Perez-Marques Francesca, Simpson Pippa, Yan Ke, Quasney Michael W, Halligan Nadine, Merchant Daniel, Dahmer Mary K
Section of Critical Care Medicine, Medical College of Wisconsin, Milwaukee, WI, USA.
Section of Quantitative Health Sciences, Department of Pediatrics, Medical College of Wisconsin, Milwaukee, WI, USA.
Crit Care. 2016 Sep 5;20(1):281. doi: 10.1186/s13054-016-1454-7.
Previous work has demonstrated a strong association between lung injury in African American children with pneumonia and a polymorphic (TG)mTn region in cystic fibrosis transmembrane conductance (CFTR) involved in the generation of a nonfunctional CFTR protein lacking exon 9. A number of splicing factors that regulate the inclusion/exclusion of exon 9 have been identified. The objective of this study was to determine whether genetic variants in these splicing factors were associated with acute respiratory distress syndrome (ARDS) in children with pneumonia.

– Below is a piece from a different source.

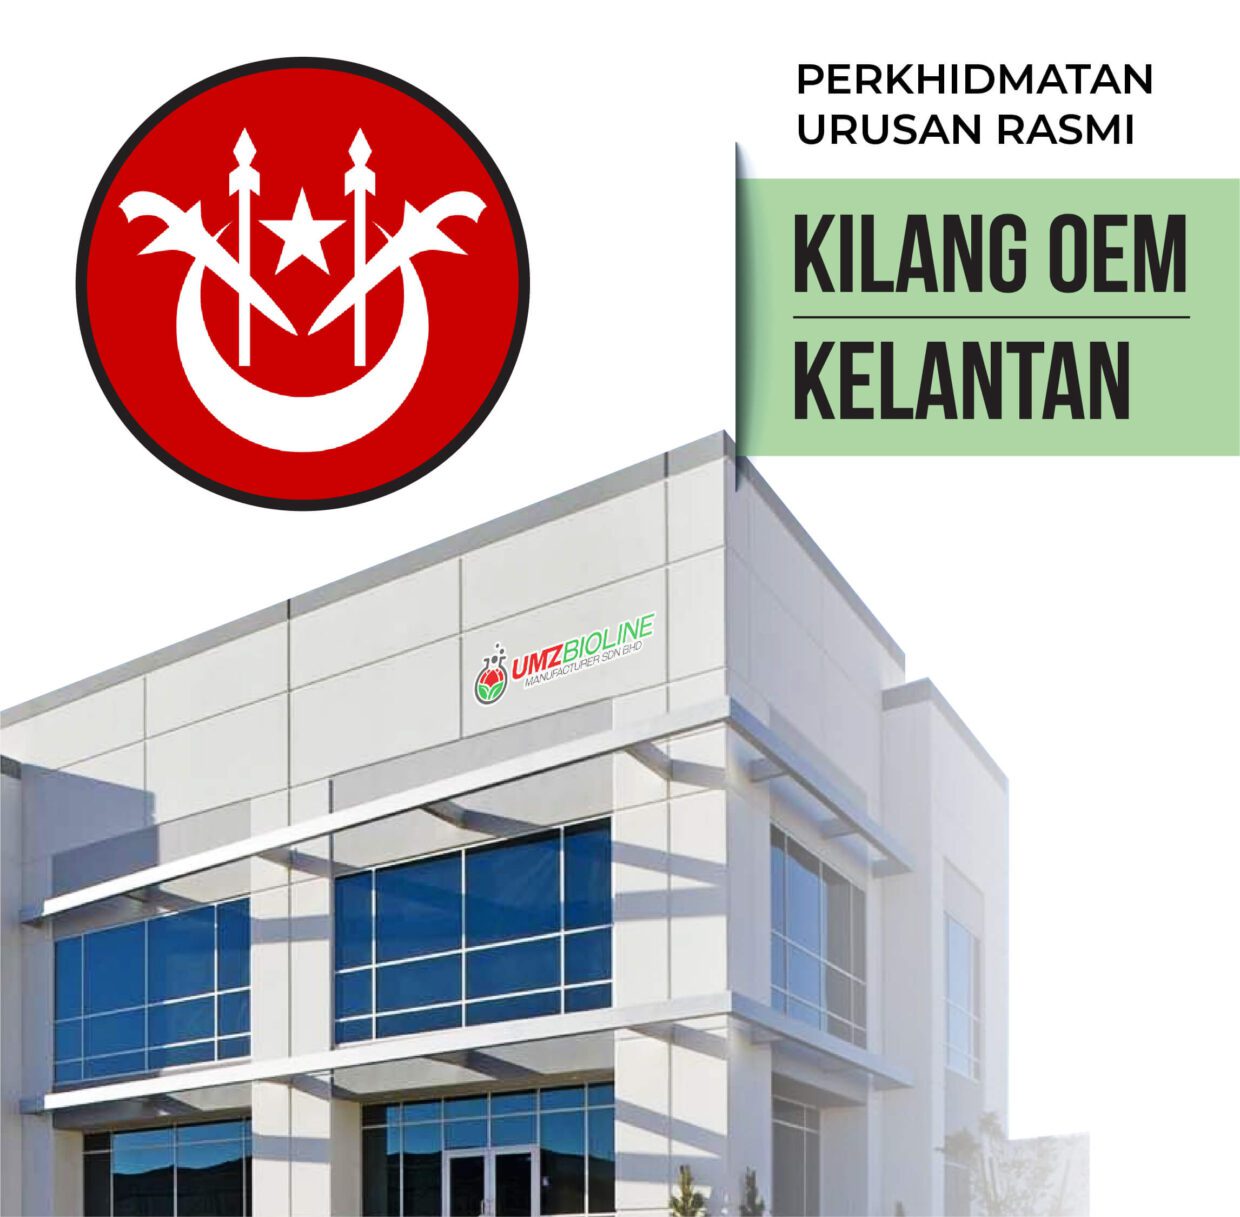 Perkhidmatan OEM Kelantan

This is a prospective cohort genetic association study of lung injury in African American and non-Hispanic Caucasian children with community-acquired pneumonia evaluated in the emergency department or admitted to the hospital. Linkage-disequilibrium-tag single nucleotide polymorphisms (LD-tag SNPs) in genes of the following splicing factors (followed by gene name) involved in exon 9 skipping PTB1 (PTBP1), SRp40 (SFRS1), SR2/ASF (SFRS5), TDP-43 (TARDBP), TIA-1 (TIA1), and U2AF(65) (U2AF2) were genotyped. SNPs in the gene of the splicing factor CELF2 (CELF2) were selected by conservation score. Multivariable analysis was used to examine association between genotypes and ARDS.
The African American cohort (n = 474) had 29 children with ARDS and the non-Hispanic Caucasian cohort (n = 304) had 32 children with ARDS. In the African American group multivariable analysis indicated that three variants in CELF2, rs7068124 (p = 0.004), rs3814634 (p = 0.032) and rs10905928 (p = 0.044), and two in TIA1, rs2592178 (p = 0.005) and rs13402990 (p = 0.018) were independently associated with ARDS. In the non-Hispanic Caucasian group, a single variant in CELF2, rs2277212 (p = 0.014), was associated with increased risk of developing ARDS.
The data indicate that SNPs in CELF2 may be associated with the risk of developing ARDS in both African American and non-Hispanic Caucasian children with pneumonia and suggest that the potential role of the splicing factor CELF2 in ARDS should be explored further.
先前的研究表明,患有肺炎的非裔美国儿童的肺损伤与囊性纤维化跨膜传导调节因子(CFTR)中的一个多态性(TG)mTn区域密切相关,该区域参与生成一种缺乏外显子9的无功能CFTR蛋白。已经鉴定出许多调节外显子9包含/排除的剪接因子。本研究的目的是确定这些剪接因子中的基因变异是否与肺炎患儿的急性呼吸窘迫综合征(ARDS)相关。
这是一项前瞻性队列基因关联研究,研究对象为在急诊科接受评估或入院的患有社区获得性肺炎的非裔美国儿童和非西班牙裔白人儿童的肺损伤情况。对参与外显子9跳跃的以下剪接因子(后接基因名称)基因中的连锁不平衡标签单核苷酸多态性(LD-tag SNPs)进行基因分型:PTB1(PTBP1)、SRp40(SFRS1)、SR²/ASF(SFRS5)、TDP-43(TARDBP)、TIA-1(TIA1)和U2AF(65)(U2AF2)。通过保守性评分选择剪接因子CELF2(CELF2)基因中的SNP。采用多变量分析来检验基因型与ARDS之间的关联。
非裔美国人群队列(n = 474)中有29名儿童发生ARDS,非西班牙裔白人群队列(n = 304)中有32名儿童发生ARDS。在非裔美国人群组中,多变量分析表明,CELF2基因中的三个变异rs7068124(p = 0.004)、rs3814634(p = 0.032)和rs10905928(p = 0.044),以及TIA1基因中的两个变异rs2592178(p = 0.005)和rs13402990(p = 0.018)与ARDS独立相关。在非西班牙裔白人群组中,CELF2基因中的一个单一变异rs2277212(p = 0.014)与发生ARDS的风险增加相关。
数据表明,CELF2基因中的SNP可能与患有肺炎的非裔美国儿童和非西班牙裔白人儿童发生ARDS的风险相关,并提示应进一步探索剪接因子CELF2在ARDS中的潜在作用。